Yes – although this is one of those cases where it’s easier to reverse-engineer the API and use the requests library, rather than try to control a browser.
First, you need to be able to figure out the siteId associated with each airport. If you navigate to the page in Firefox, and open the Network tab of the inspect element dialogue, you can find the API call it makes to find those site IDs. It’s https://api.weathercams.faa.gov/sites
.
You can then copy the request as cURL and convert it to Python requests code.
import requests
import pandas as pd
def fetch_sites():
headers = {
'User-Agent': 'Camera-Fetcher https://stackoverflow.com/q/75203189',
'Accept': '*/*',
'Referer': 'https://weathercams.faa.gov/',
}
response = requests.get('https://api.weathercams.faa.gov/sites', headers=headers)
response.raise_for_status()
data = pd.json_normalize(response.json()['payload'])
keep_cols = [
'siteId', 'siteName', 'siteIdentifier', 'icao', 'latitude', 'longitude',
'elevation', 'magVariation', 'siteInMaintenance', 'siteActive', 'thirdParty',
'validated', 'country', 'state', 'wxTable', 'operatedBy', 'attribution'
]
return data[keep_cols]
This will return a Pandas dataframe with a bunch of information about each airport. We only really need the siteId, but the other information will help if we need to fetch only cameras in a specific state, or want to save an airport code with each image.
I’m going to pick the last airport in the site list, Silver West Airport, and use its code (585) to demonstrate the next part.

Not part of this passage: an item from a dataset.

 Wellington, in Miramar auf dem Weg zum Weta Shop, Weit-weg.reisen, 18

Next, find the API for getting camera image data for a site. I looked in Network Inspector again. It’s https://api.weathercams.faa.gov/summary?siteId=xxx
.
I used that to write this function.
def fetch_site_cameras(site_id):
headers = {
'User-Agent': 'Camera-Fetcher https://stackoverflow.com/q/75203189',
'Accept': '*/*',
'Referer': 'https://weathercams.faa.gov/',
}
params = {
'siteId': str(site_id),
'related': 'true',
}
response = requests.get('https://api.weathercams.faa.gov/summary', params=params, headers=headers)
response.raise_for_status()
site_json = response.json()
data = []
for camera in site_json['payload']['site']['cameras']:
for image in camera.get('currentImages', []):
camera_dict = {
'direction': camera['cameraDirection'],
**image
}
data.append(camera_dict)
data = pd.DataFrame(data).drop(columns='imageFilename')
return data
Calling this with a site code produces the following dataframe.

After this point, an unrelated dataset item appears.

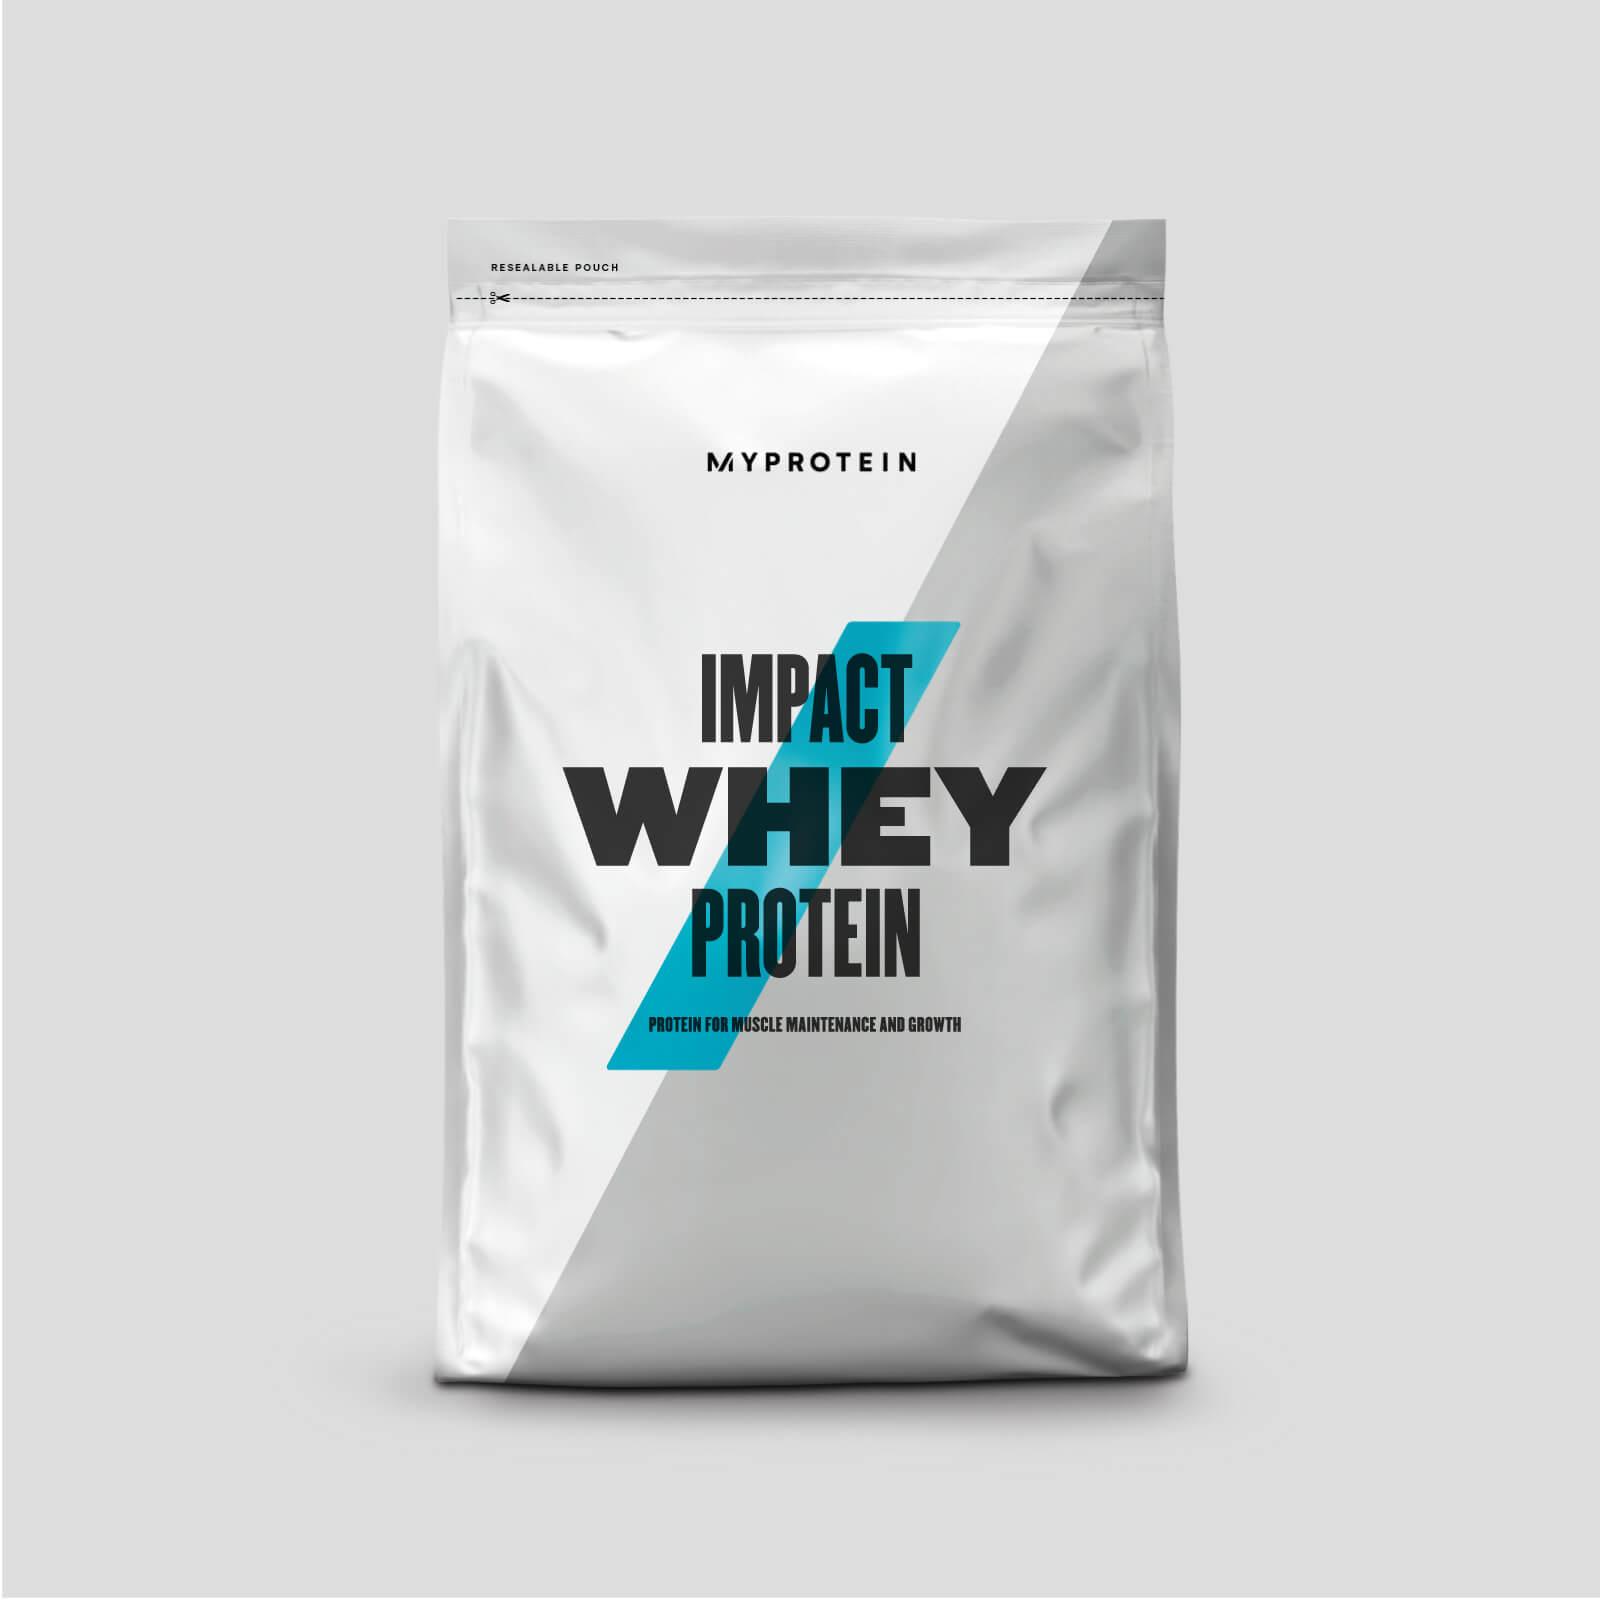 Myprotein Impact Whey Protein - 1kg - Limited Edition Mango

print(fetch_site_cameras(158))
direction cameraId imageUri
0 North 10479 https://weathercams.faa.gov/wxcam/wxdata/158/2...
1 North 10479 https://weathercams.faa.gov/wxcam/wxdata/158/2...

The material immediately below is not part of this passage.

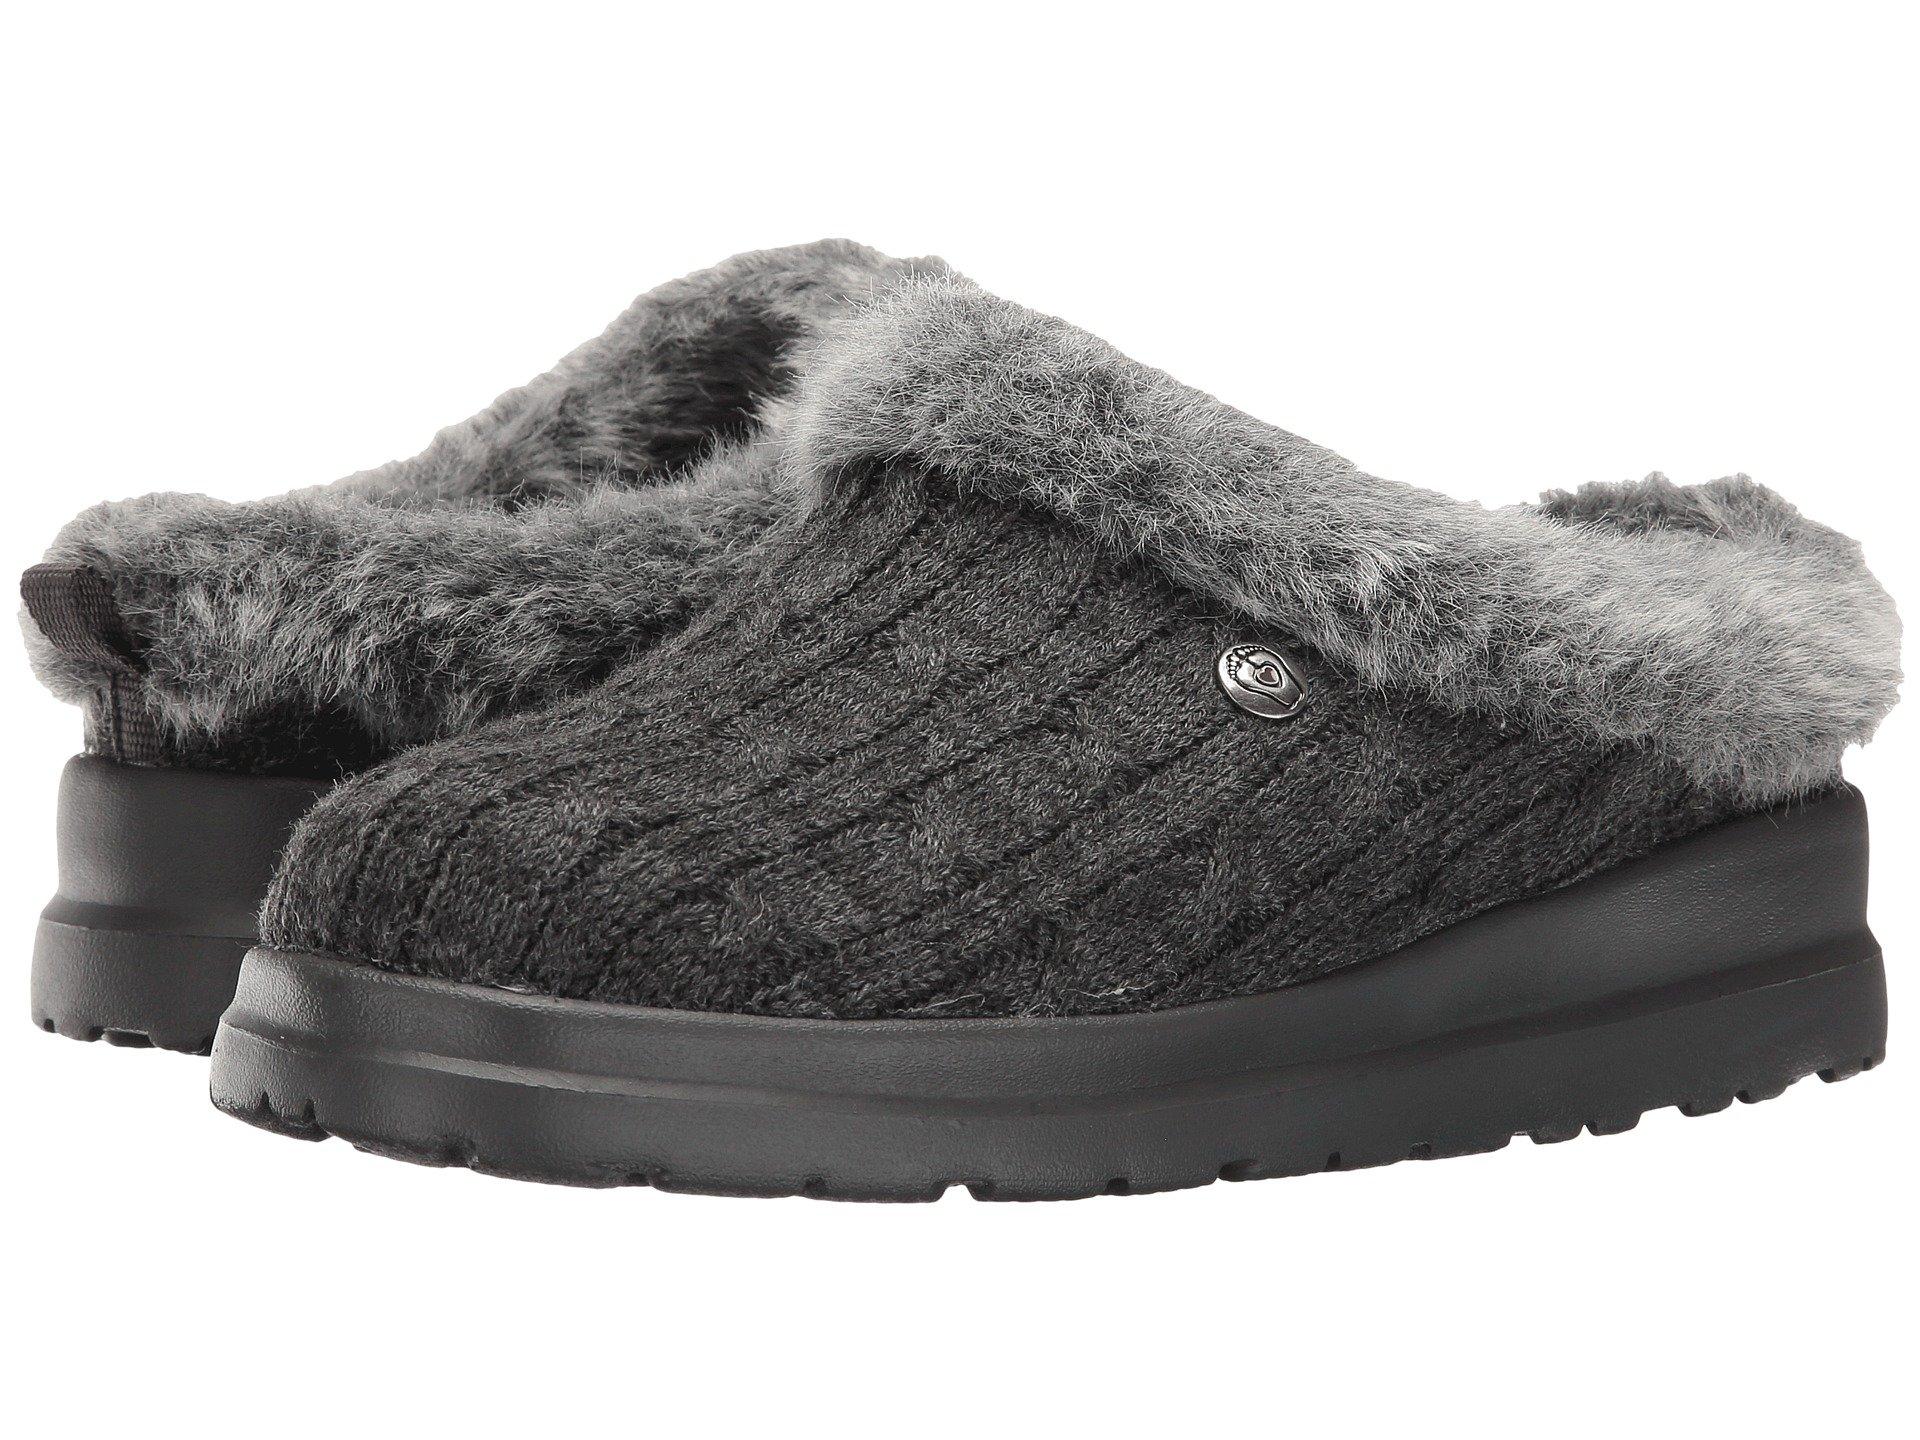 Zapato de Descanso para Mujer BOBS from SKECHERS Cherish - Bunny Hill  + SKECHERS en VeoyCompro.net

2 North 10479 https://weathercams.faa.gov/wxcam/wxdata/158/2...
3 North 10479 https://weathercams.faa.gov/wxcam/wxdata/158/2...
4 North 10479 https://weathercams.faa.gov/wxcam/wxdata/158/2...
.. ... ... ...
103 South 10480 https://weathercams.faa.gov/wxcam/wxdata/158/2...
104 South 10480 https://weathercams.faa.gov/wxcam/wxdata/158/2...
105 South 10480 https://weathercams.faa.gov/wxcam/wxdata/158/2...
106 South 10480 https://weathercams.faa.gov/wxcam/wxdata/158/2...
107 South 10480 https://weathercams.faa.gov/wxcam/wxdata/158/2...
imageDatetime
0 2023-01-22T21:56:31.273Z
1 2023-01-22T21:46:42.831Z
2 2023-01-22T21:36:25.861Z
3 2023-01-22T21:26:27.947Z
4 2023-01-22T21:16:29.951Z
.. ...
103 2023-01-22T17:06:27.575Z
104 2023-01-22T16:56:28.609Z
105 2023-01-22T16:46:28.264Z
106 2023-01-22T16:36:42.719Z
107 2023-01-22T16:23:24.466Z
[108 rows x 4 columns]
The imageUri for each camera direction represents a URI at which we can download the most recent image for each camera. You can then use creqests to download the image.
I’m just going to arbitrarily pick the first camera in this list, the SW camera, to download from.
image_uri = fetch_site_cameras(585).loc[0, 'imageUri']
image = requests.get(image_uri)
with open('image.jpg', 'wb') as f:
f.write(image.content)
… and that downloads the image to image.jpg. I can open it and see the end result of our hard work:
Well, I hope you like looking at empty fields. You’re going to see a lot of them.